UCC manages and maintains the refrigerators via UCC’s food pantry thanks to support from HelloFresh, Trader Joe’s, ShopRite, the Community FoodBank of New Jersey and MEND Hunger Relief. In addition to the refrigerator, the structure is equipped with plastic shelving to hold vegetables and non-perishable goods. There will also be a reading library added to increase literacy within the community. It is accessible to the public 24 hours a day, seven days a week.
The idea is to have the entire community involved with residents and local businesses taking what they need and leaving what they can.
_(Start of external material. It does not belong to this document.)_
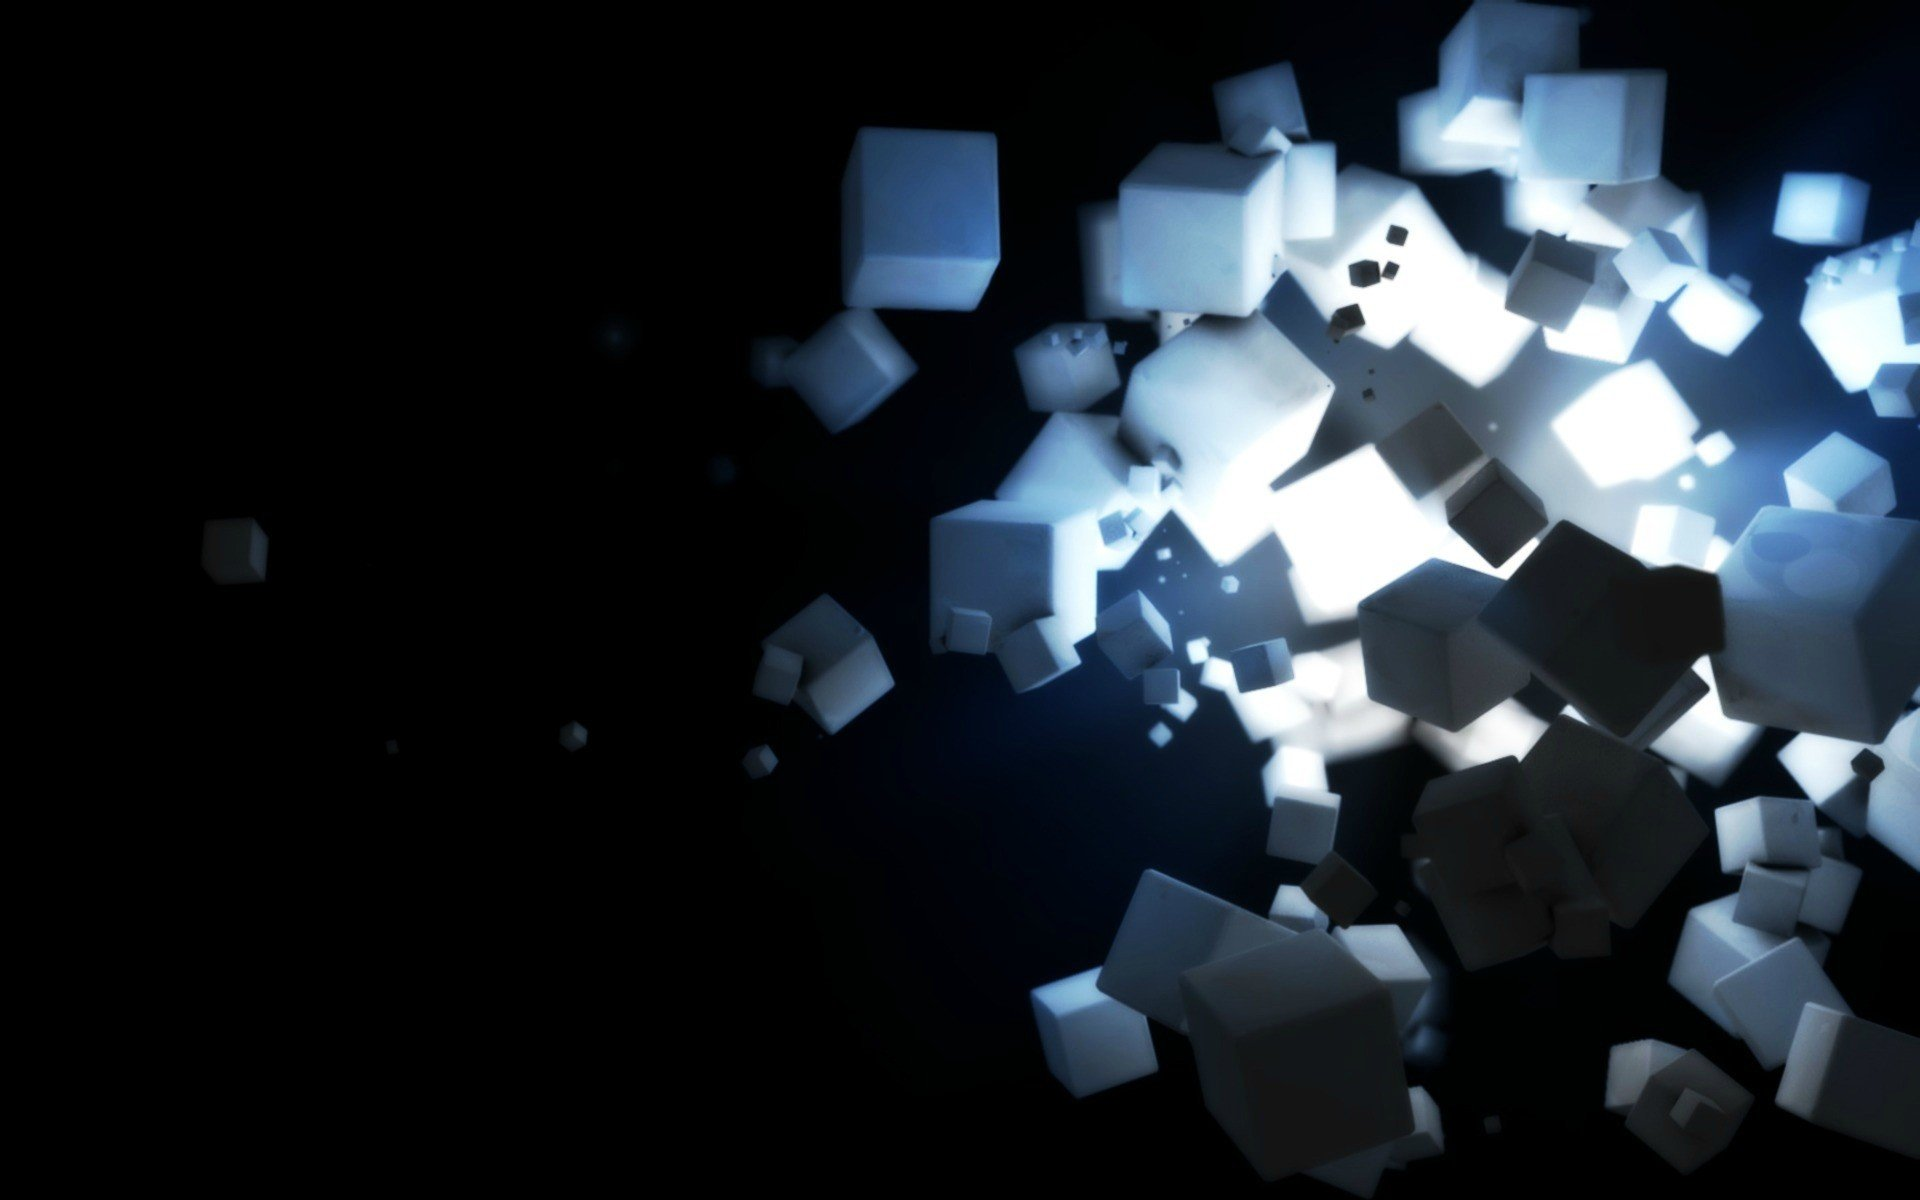 1080p High Definition Wallpapers For Desktop 171

Those willing to donate food can simply drop it off at the refrigerator or order food from Amazon or InstaCart with the items sent to the refrigerator’s address. An online note should be left instructing the delivery driver to remove the items from their bags and place them in the refrigerator or shelves for non-perishable food.
”We at the Presbytery of Northeast New Jersey believed that this project is important to this community because we know that you do not have to be homeless or unemployed to face food insecurities in the home,” Community Ministry Organizer Elder Jerome B. Lane Jr. said. “You may not need a full box or bag of items from a food pantry but possibly a staple or two to add to what you already have. This refrigerator will be here 24 hours a day for you to take or leave items, no identification needed and questions or judgment.”
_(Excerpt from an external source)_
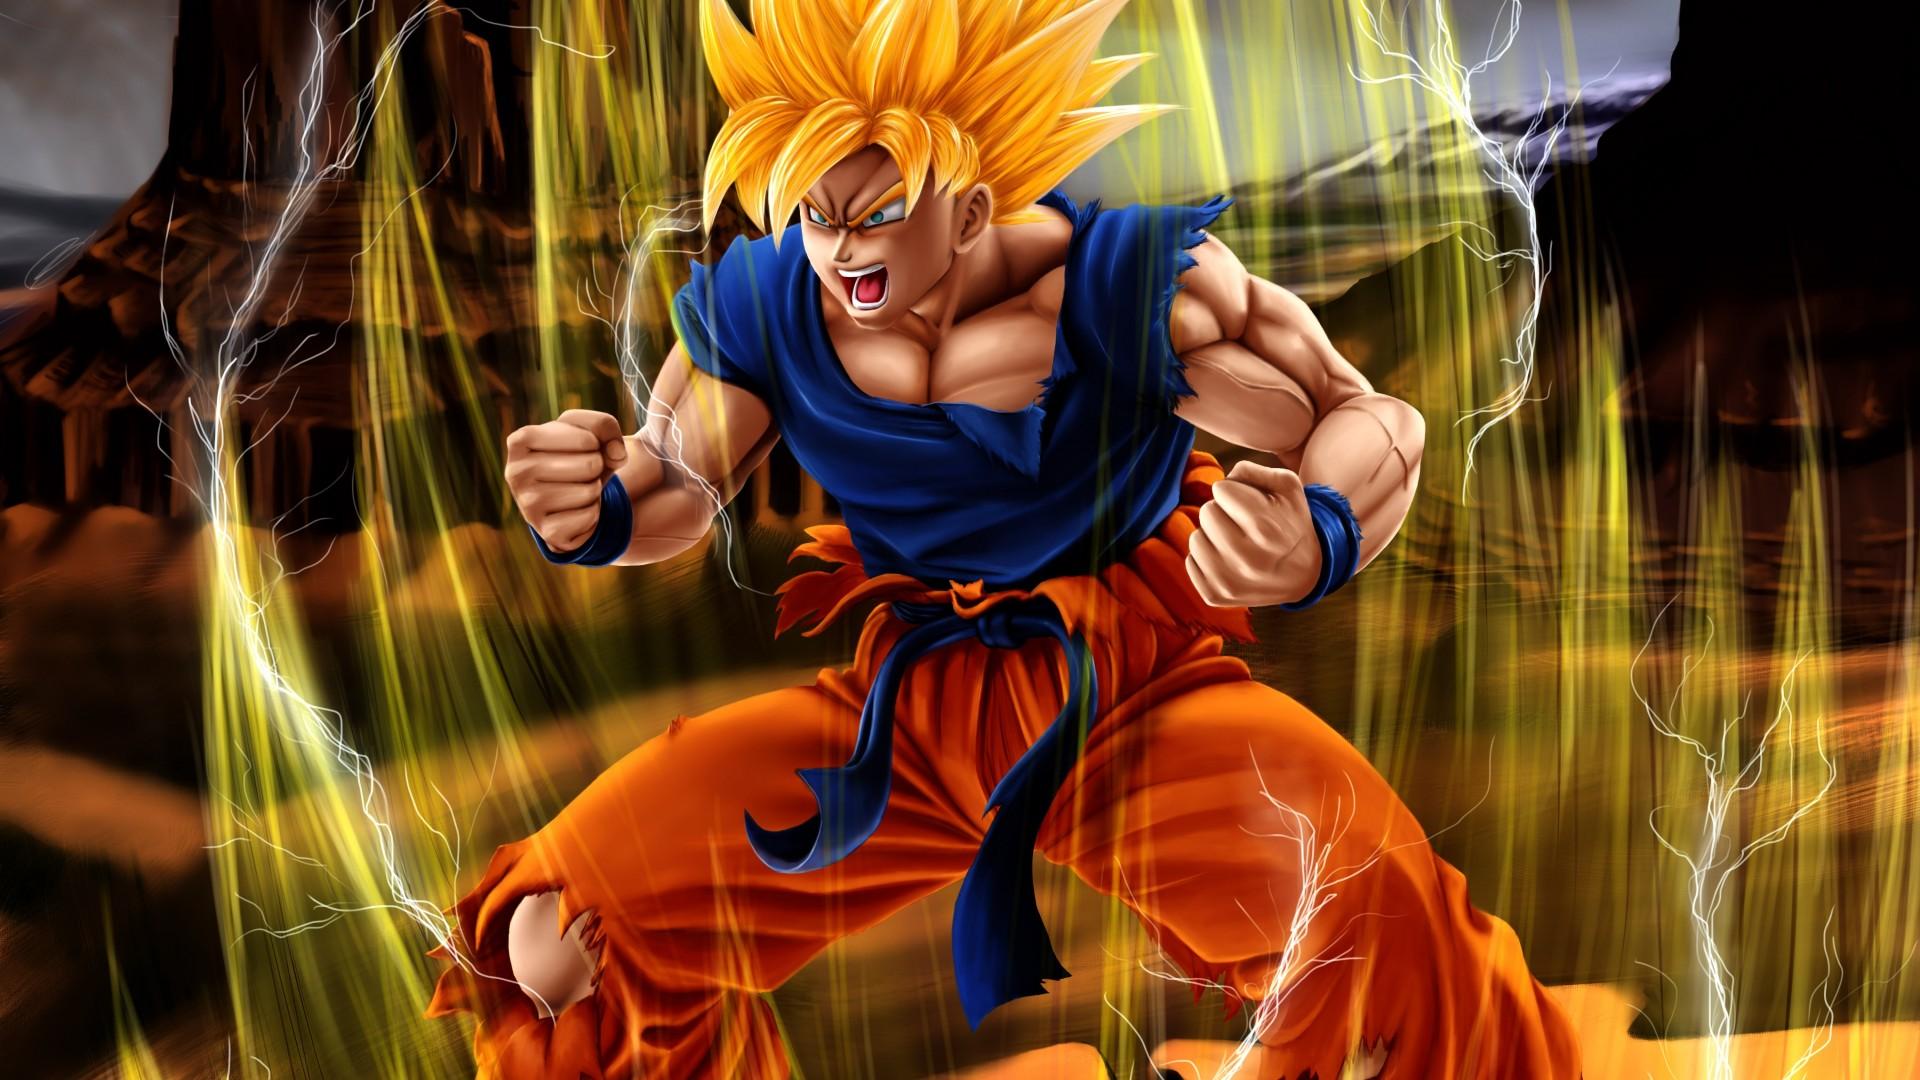 Dragon Ball Z Goku Wallpaper Backgrounds Best vicvaporcom 1920x1080

The refrigerator is encased in a weather-proof shelter that was designed and built by construction students that are part of UCC’s YouthBuild job training and preparedness program – dedicated to helping young adults aged 16-24 that may have dropped out of high school and/or are having trouble finding their way. Anyone interested in YouthBuild can email Jacqueline Henry at firstname.lastname@example.org.
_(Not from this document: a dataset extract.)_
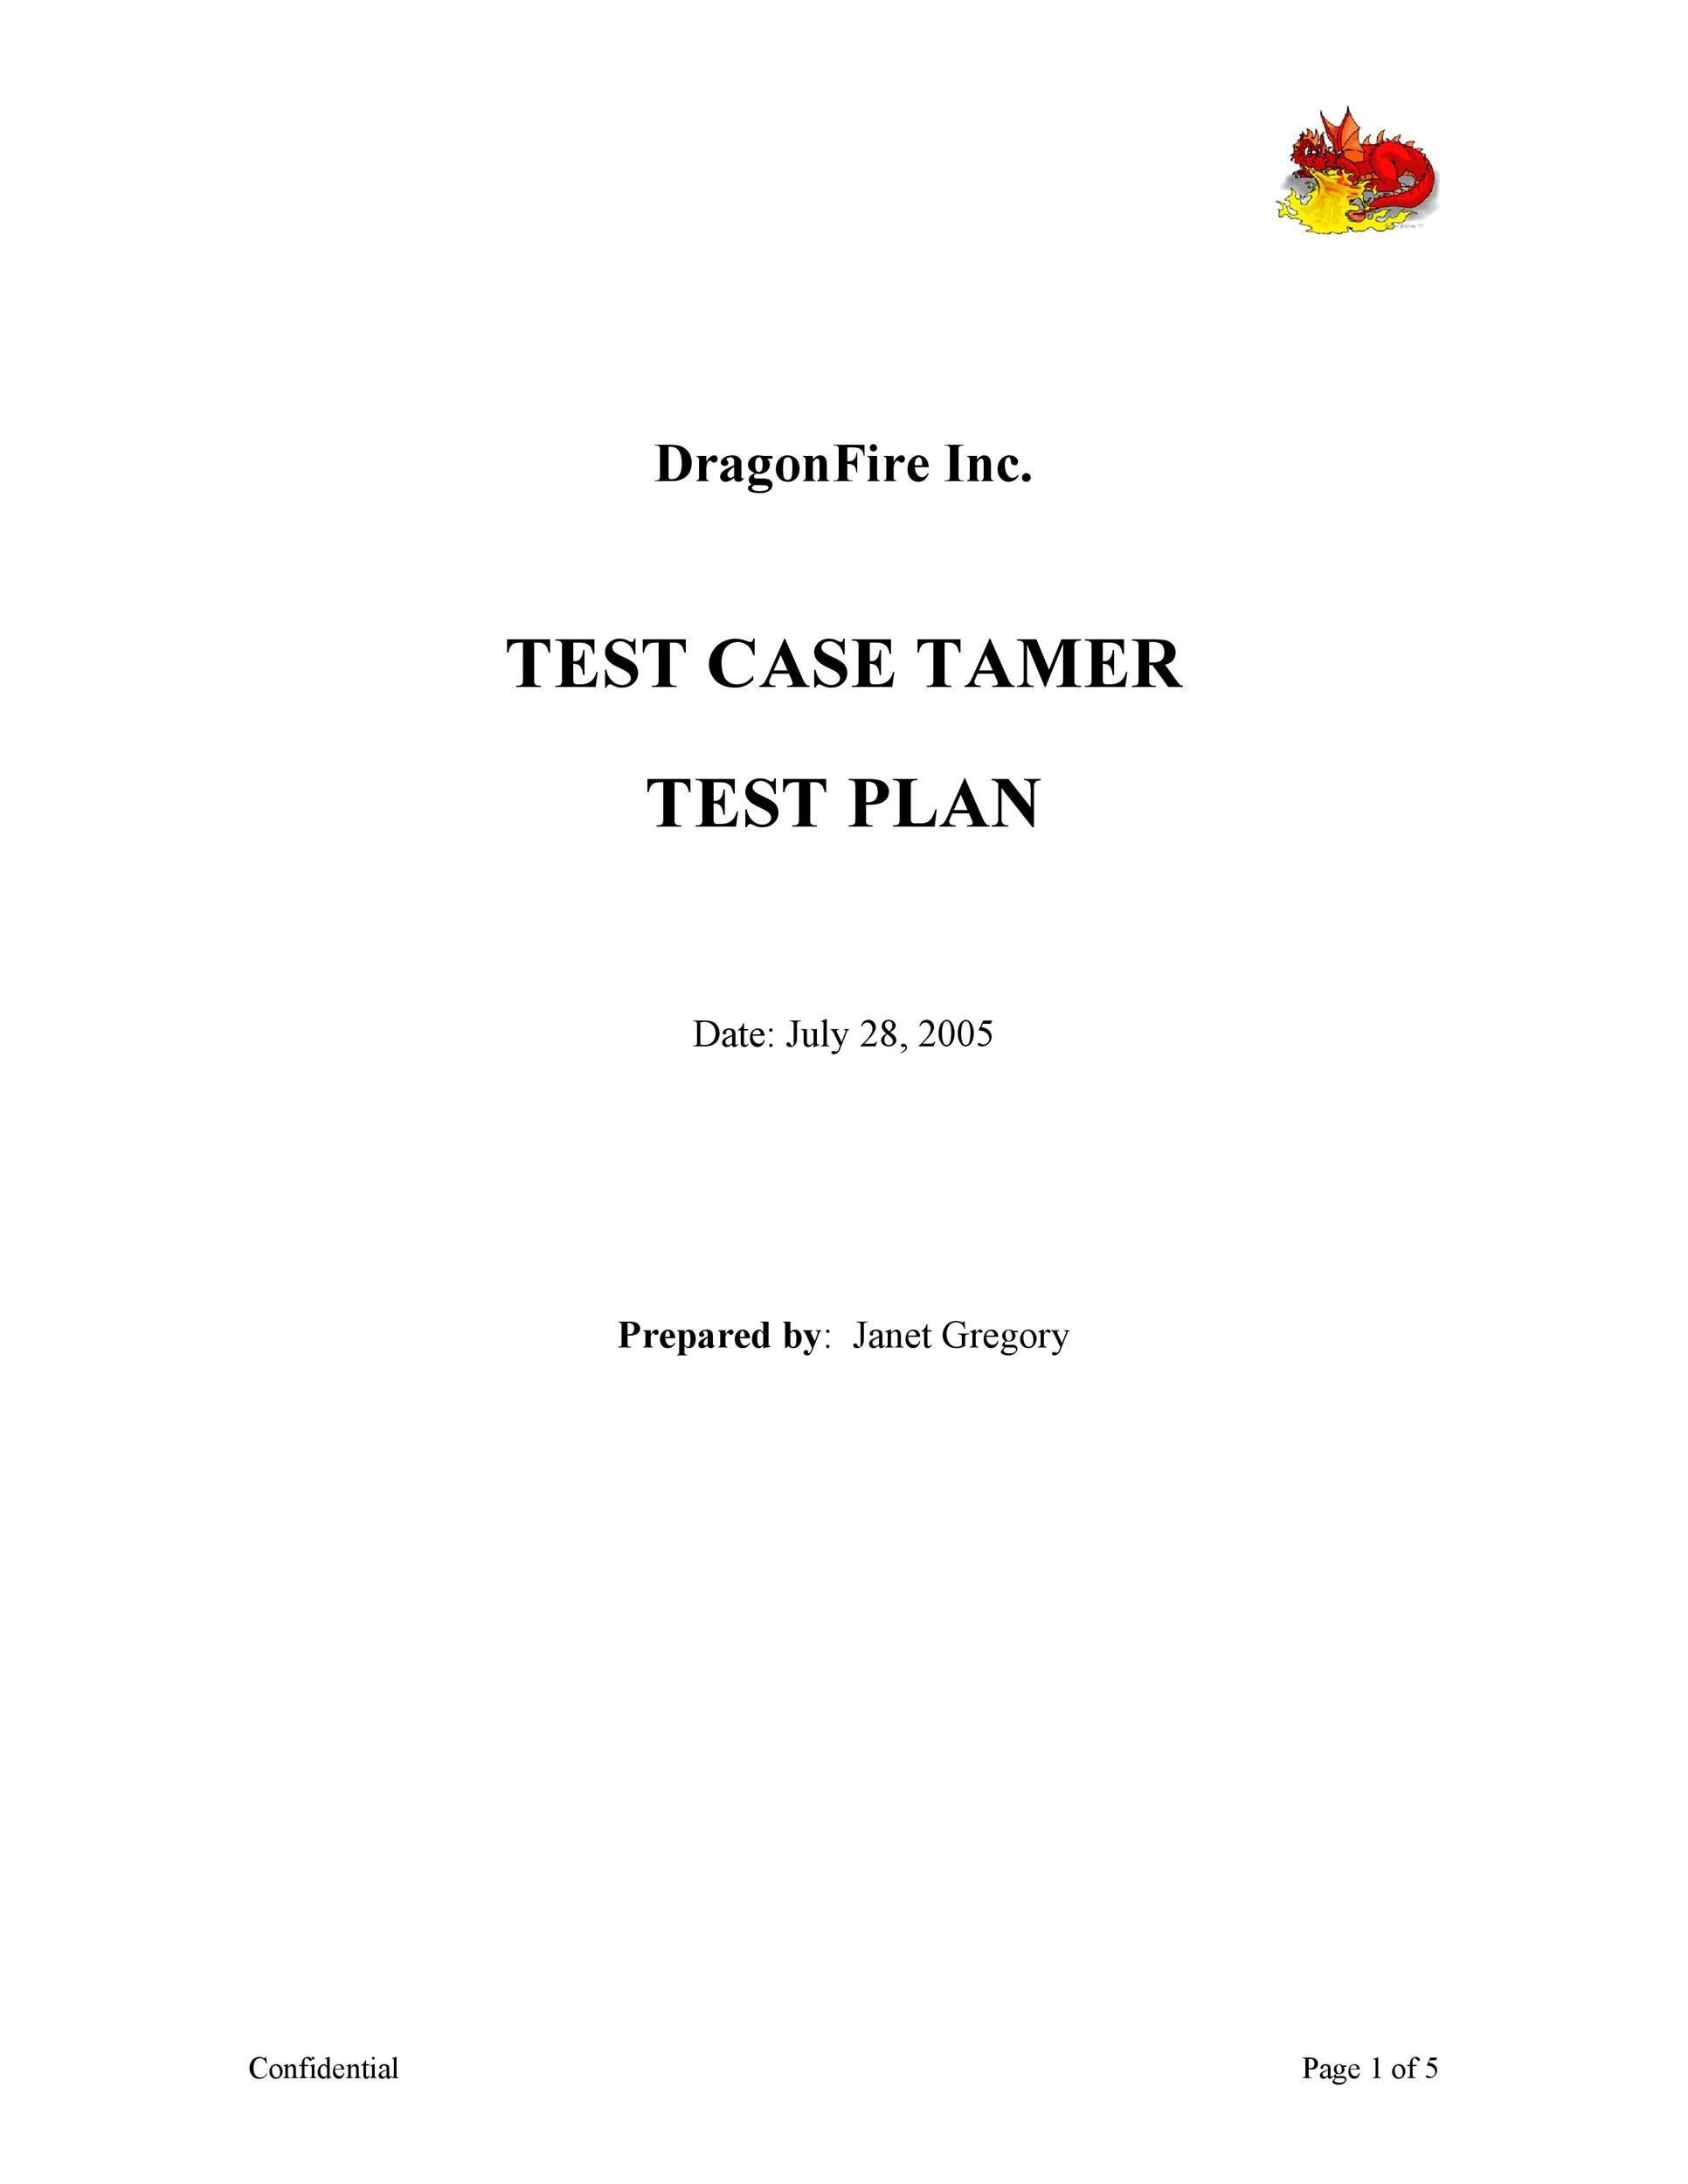 Free Test Plan Template 11

“This was as enjoyable as it could possibly get because I do this specifically to help the kids learn,” UCC YouthBuild Construction Training Manager Darian Harris said. “For them to do this effortlessly and be able to contribute to the community that they live in is like killing two birds with one stone. As we do more projects like this that serve dual purposes, they’ll start to realize the importance of the actions that they take as they go through life.”
UCC’s community refrigerator project was made possible thanks to generous funding from the New Jersey Children’s Foundation, the Presbytery of Northeast New Jersey and Partners In Health, as well as support from Newark Opportunity Youth Network and Leaders For Life.